Living in an Ironic World

Saturday, January 06, 2007

<< My first complain in 2007 >>

I wish, I wish, I wish..
that my fyp is in pairs and not indivdual so that I can discuss with my partner all the problems I encounter in the proj, so that there is at least someone to share the stress and workload with me, so that someone will at least understand what the hell I am talking regarding my proj. Nobody seems to understand my proj even tho I tried explaining what it is about. Neither do I understand what my frens' fyp is about. One word: COMPLICATED. Half a sem has gone and I am still at the same spot where I started. NO DIRECTION. LOST. AGITATED. VEXED. ANGRY. Its getting more and more stressed becoz the DEADline for the final report is 13 Mar.

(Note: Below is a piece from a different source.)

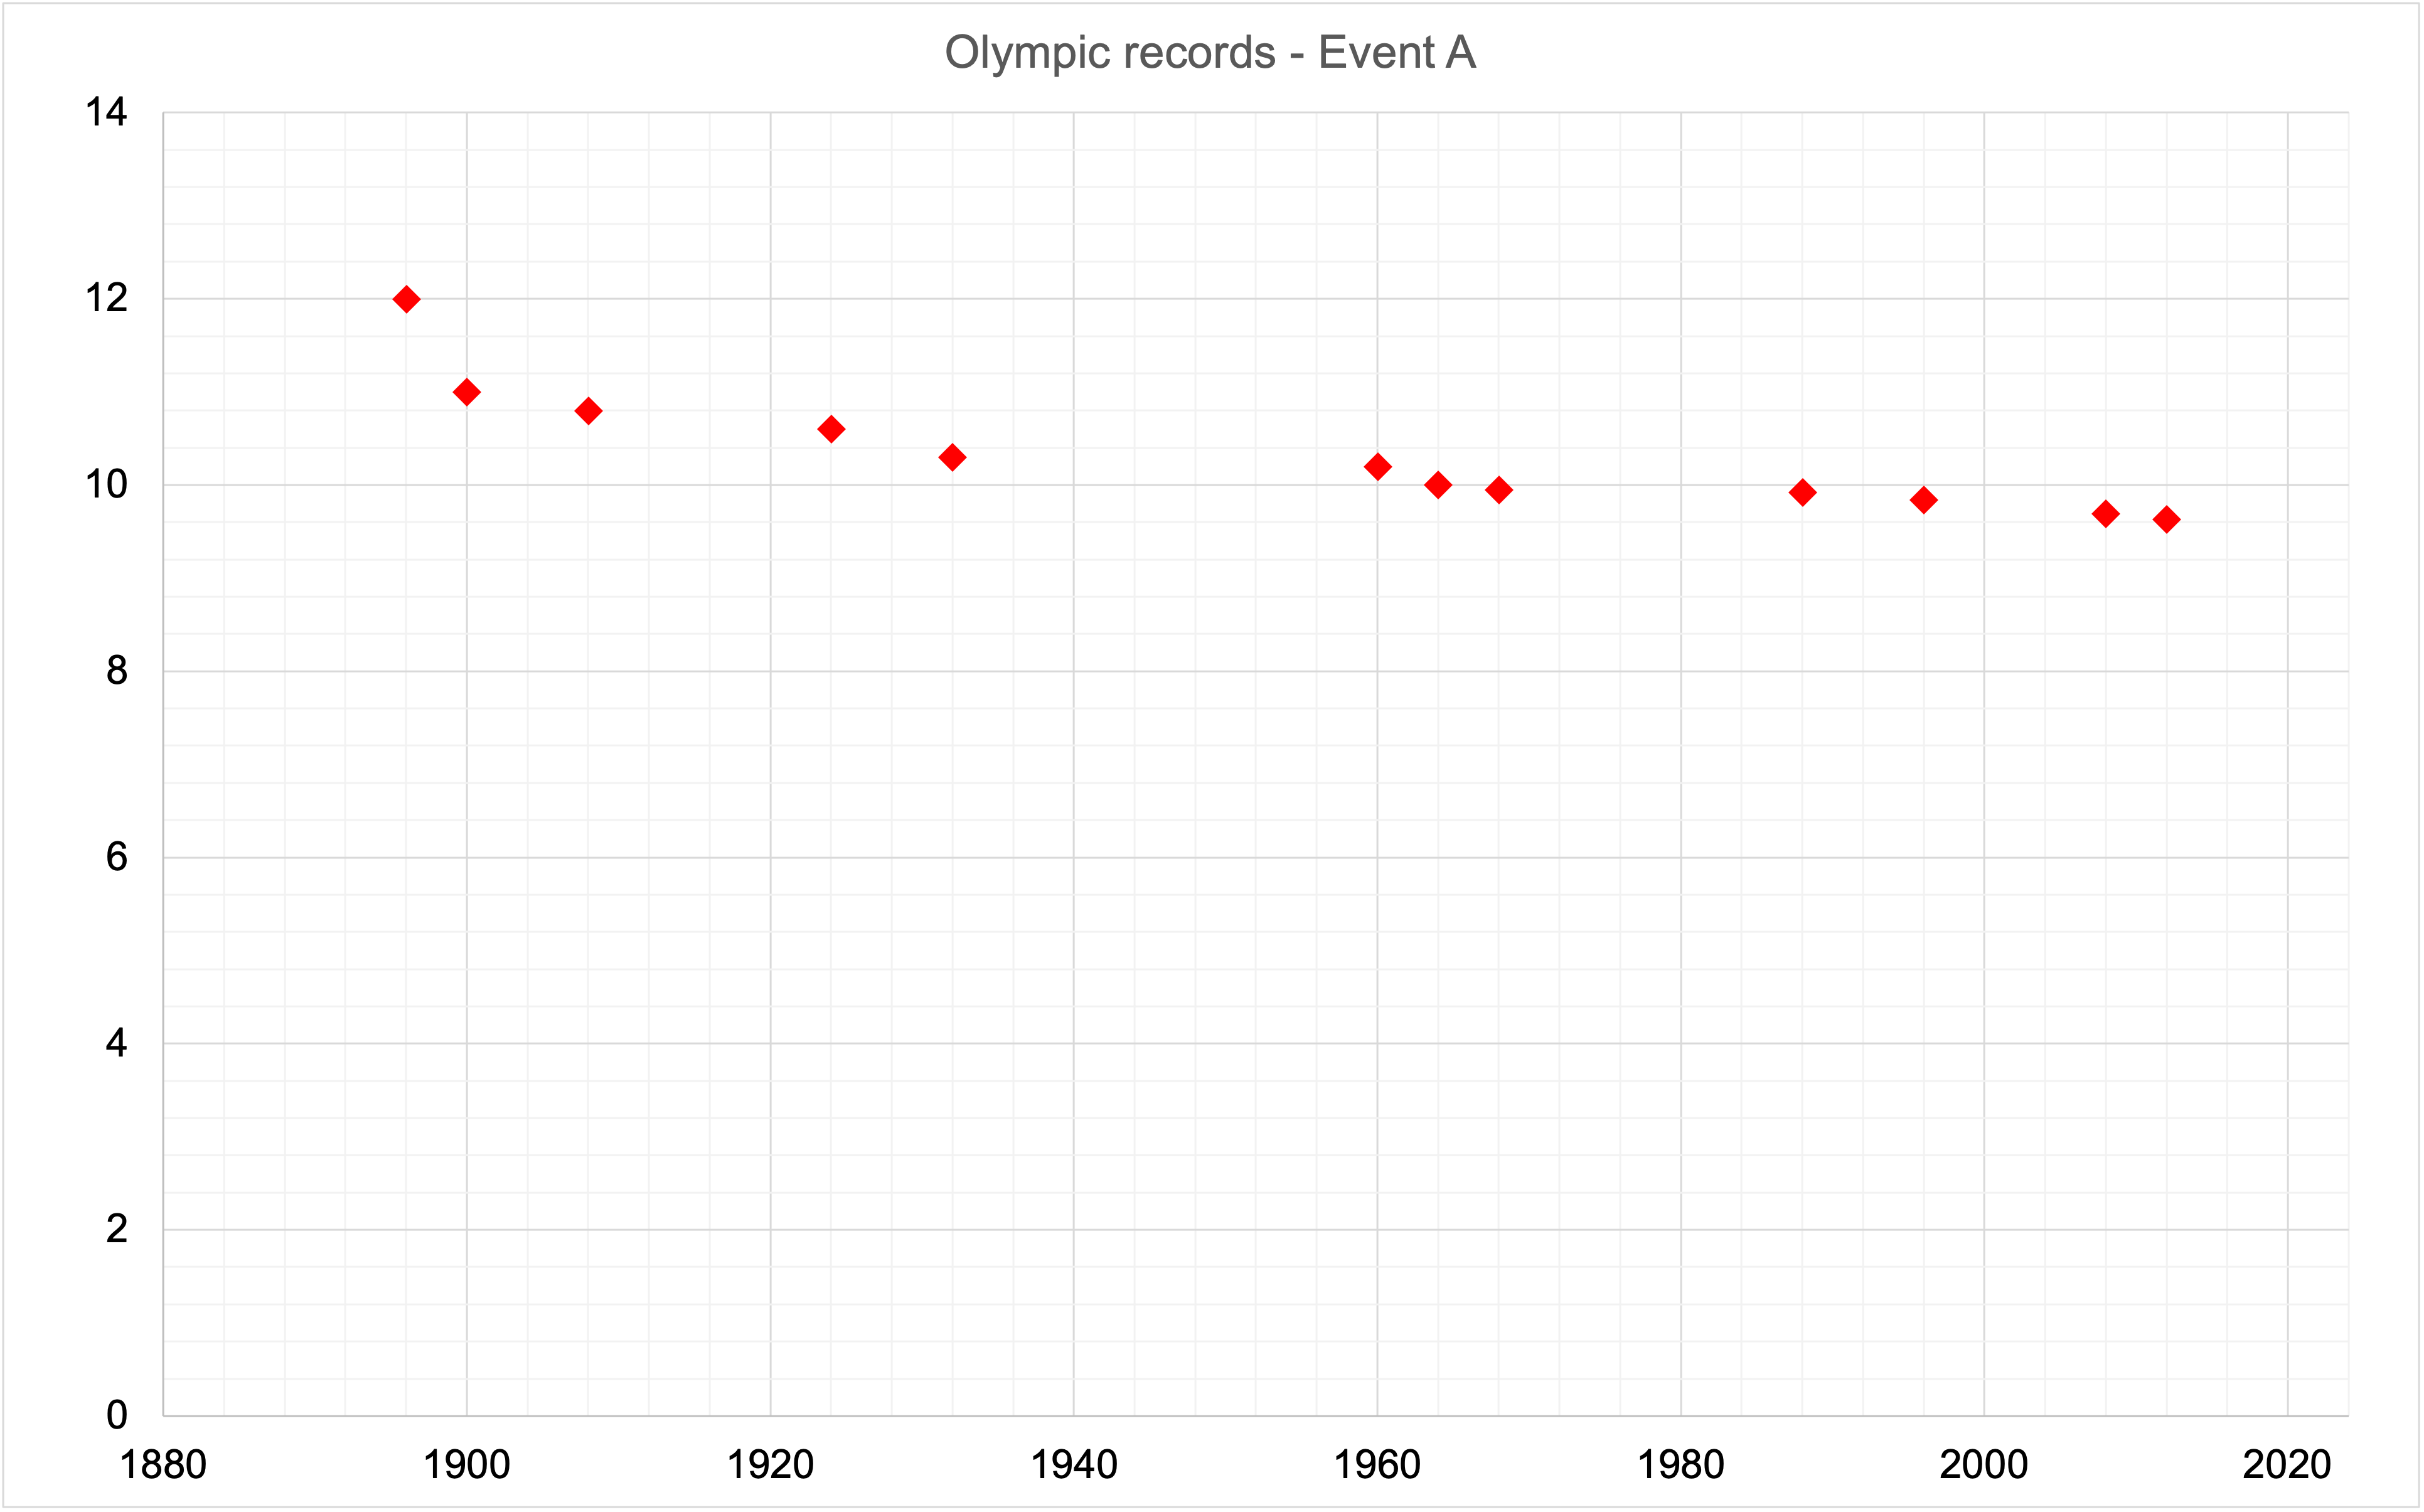 Graph showing Olympic records for Event A
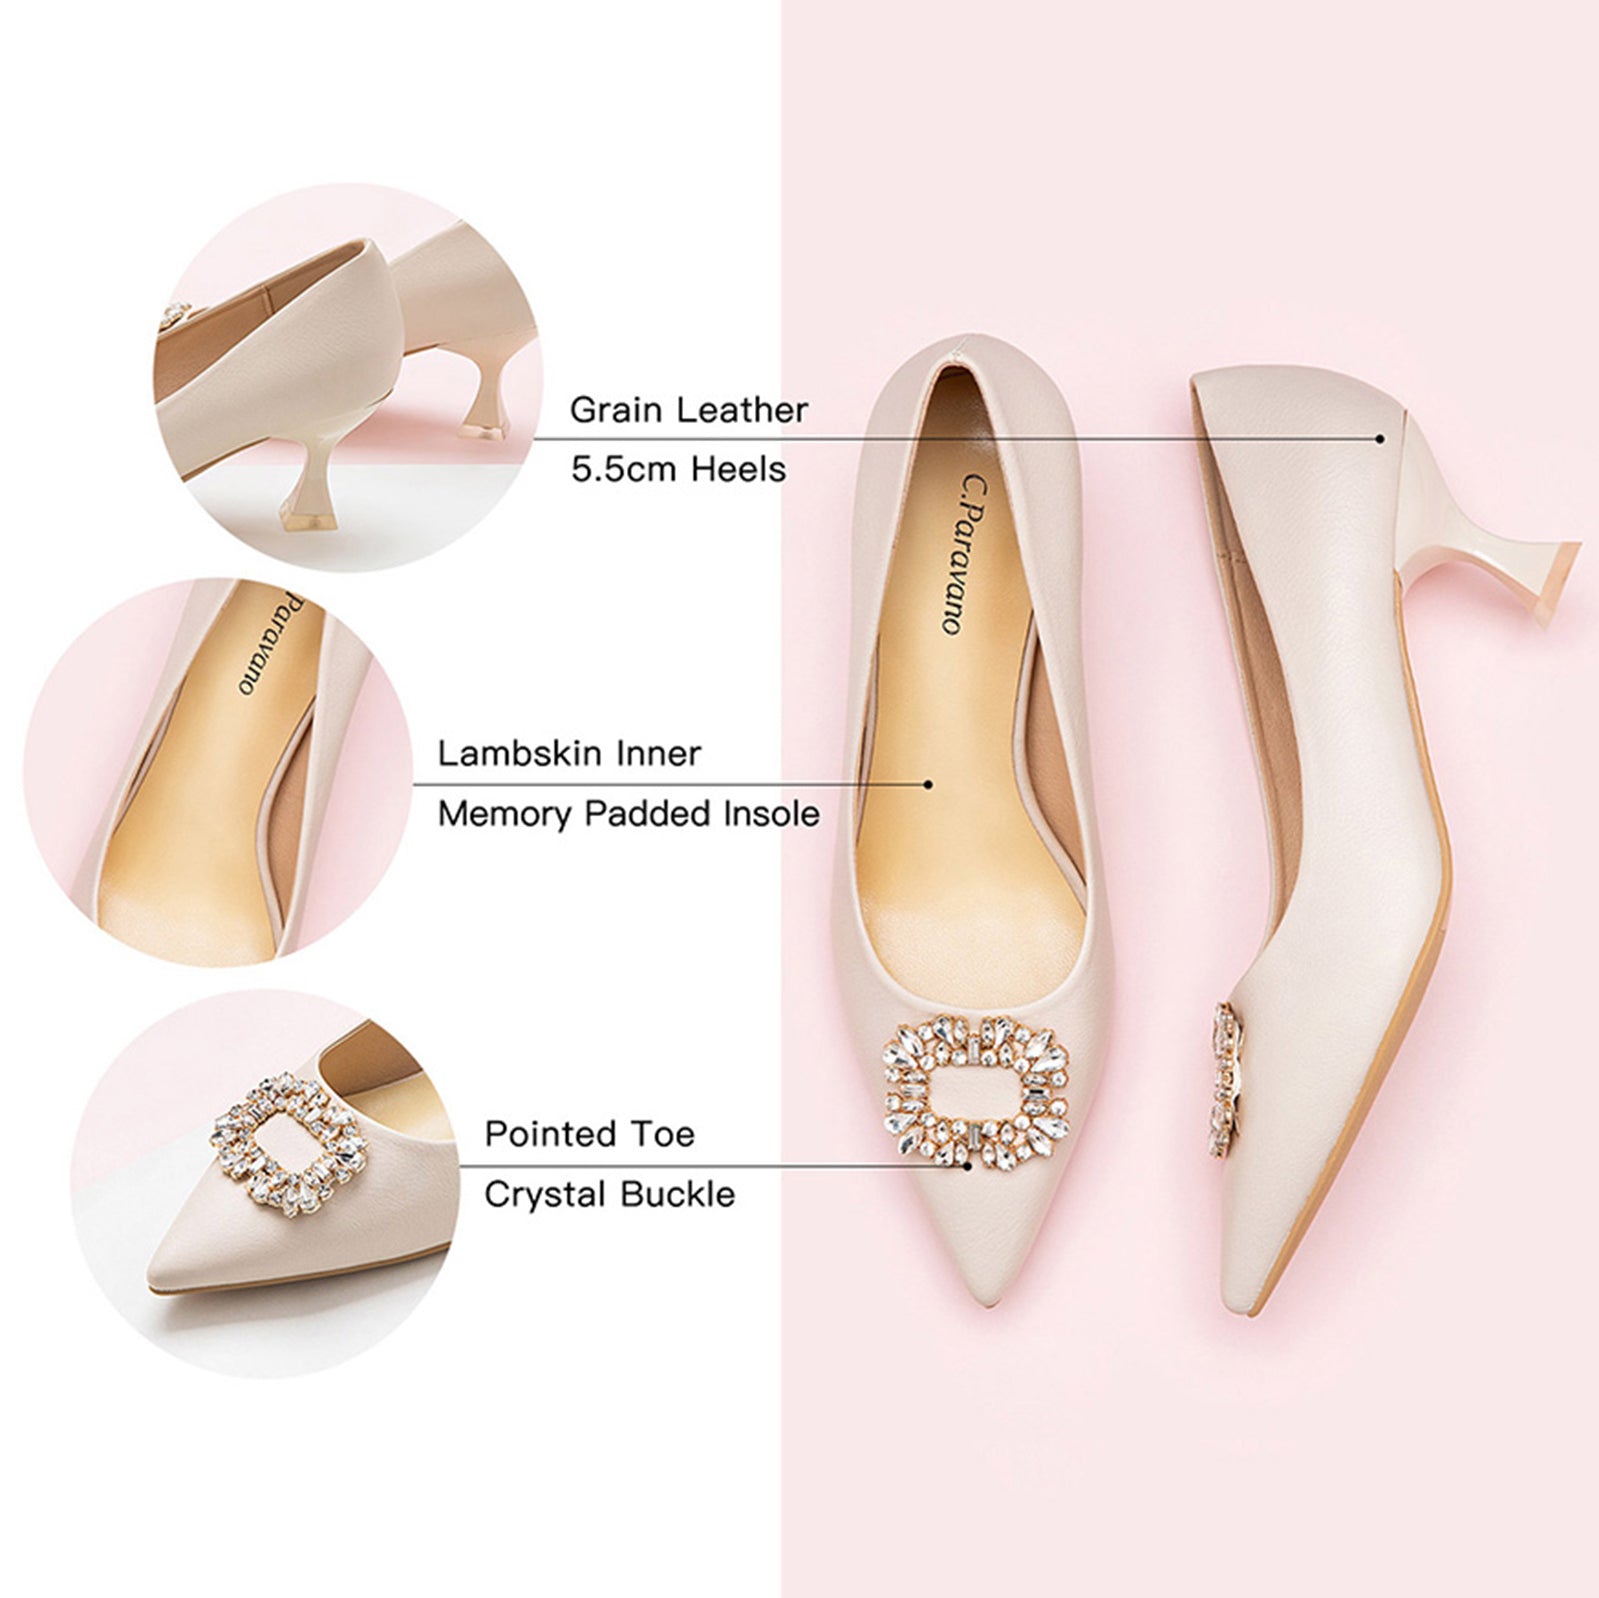 Classic White Charm: White Buckle Kitten Heel Pumps with embellishments, a timeless and elegant addition to your footwear collection

One day after my bdae. I am so disappointed with my capability in doing things. First of all, the fyp I am doing has nothing to do with my course of study. Its OPTICS. It was a last min change. Put in other words, I am forced to change to that proj. It was my Prof research proj and I am doing it for my fyp. The diffculty level is 3 times harder. I am very grateful for all the ppl who has help me in my fyp in one way or another but I still have to solve the main prob by MYSELF. Going to bed whenever I faced a prob is my solution now. I always hope I can find some inspiration to solve it after I woke up but I ended up sleeping more, hating the proj more.